Maybe an earthquake comes every 50 or 100 years, but floods are each
year and hurricanes almost every year. Houses get washed away, animals
get washed away, land gets washed away, people get washed away. I was
talking with a peasant who said we used to have two seasons: the dry
season and the rainy season. Now we have two seasons: the dry season
and the flood season.
"With good irrigation systems we could produce a lot of food and we
could help the environment. In Haiti, we have 300,000 hectares of land
that could be irrigated, but we have maybe 30,000 or 40,000 that have a
good irrigation system now.
"We're developing different irrigation systems with wells that you pump
with solar panels. You can use cisterns that catch water on the roof.

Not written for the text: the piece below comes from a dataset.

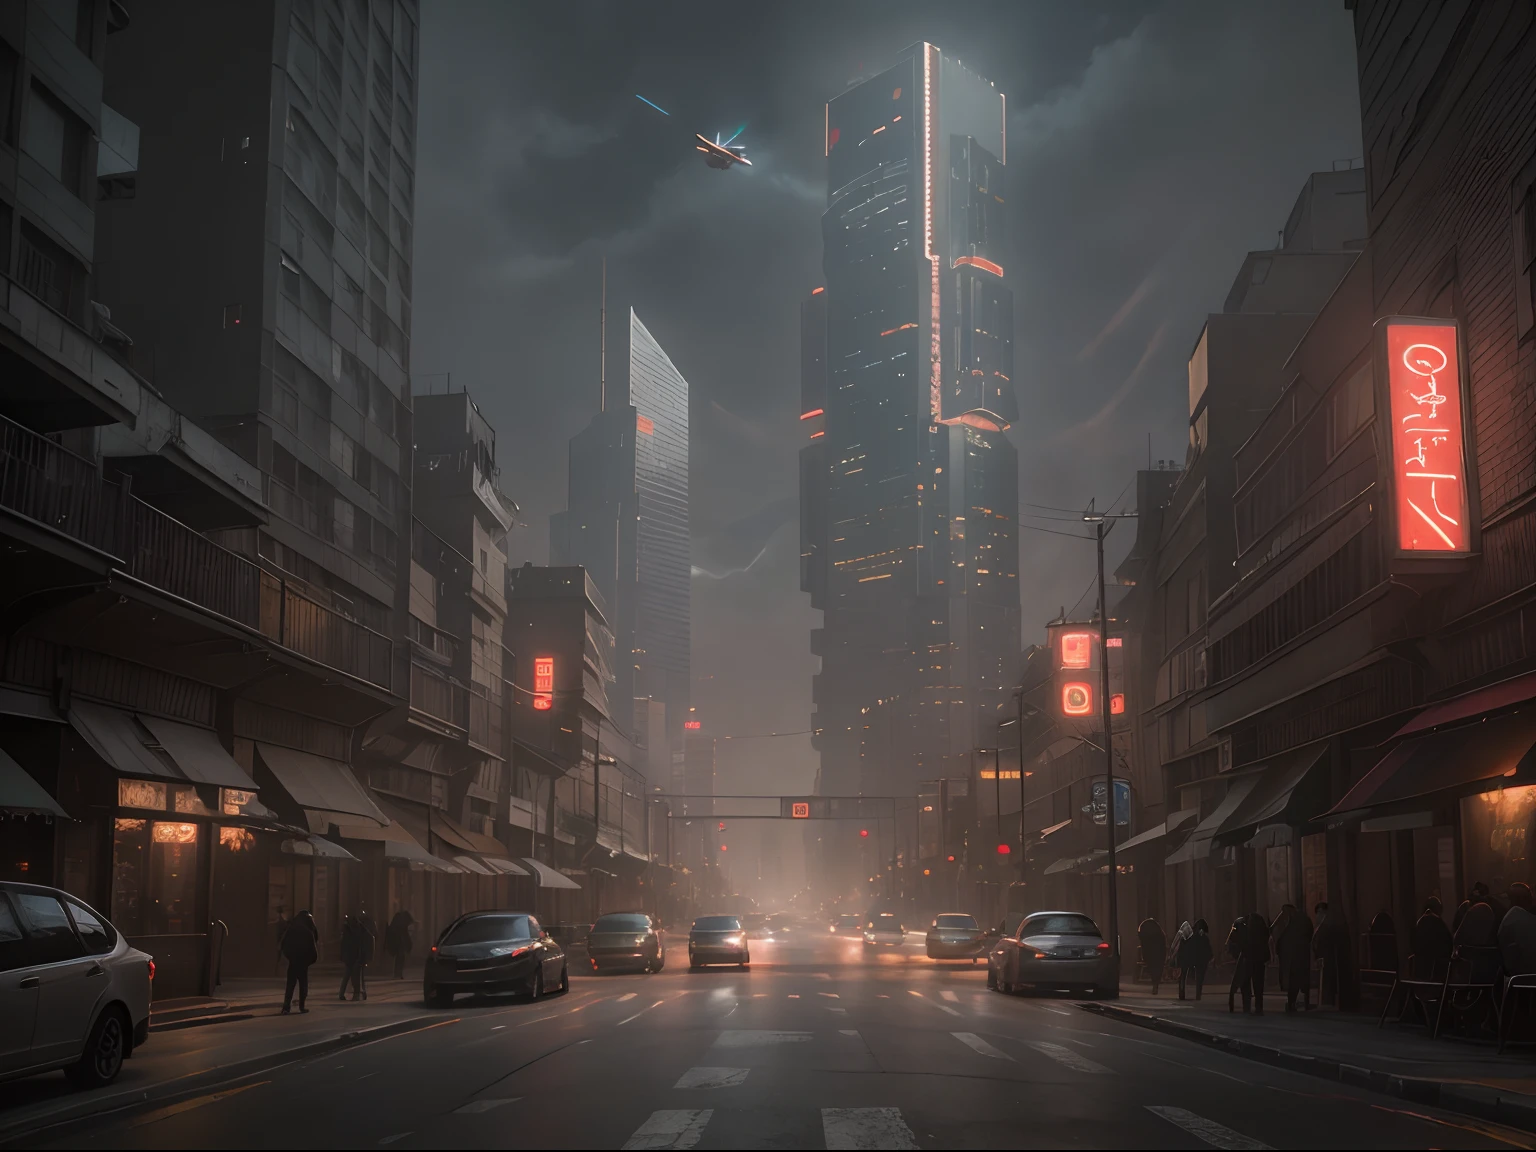 Cyberpunk-Stadtbild Straßenszene mit hoch aufragenden Wolkenkratzern, leuchtende Leuchtreklamen und LED-Leuchten, Verkehr und ((fliegende Autos)) im Himmel, dunkle Atmosphäre, Filmische Beleuchtung.

We've had great experiences with one or two families capturing 15,000
liters of water that have carried them through the dry season. We have
other, more advanced systems of mountaintop catchment lakes, which let
you to hold rain in lakes that you make with bulldozers or abundant
peasant labor, so that when the dry season comes you can have water and
you can still grow food. You can also treat gray water, like in the MPP
center; we treat the water that comes from the shower and kitchen with
a series of lakes with gravel, sand and charcoal.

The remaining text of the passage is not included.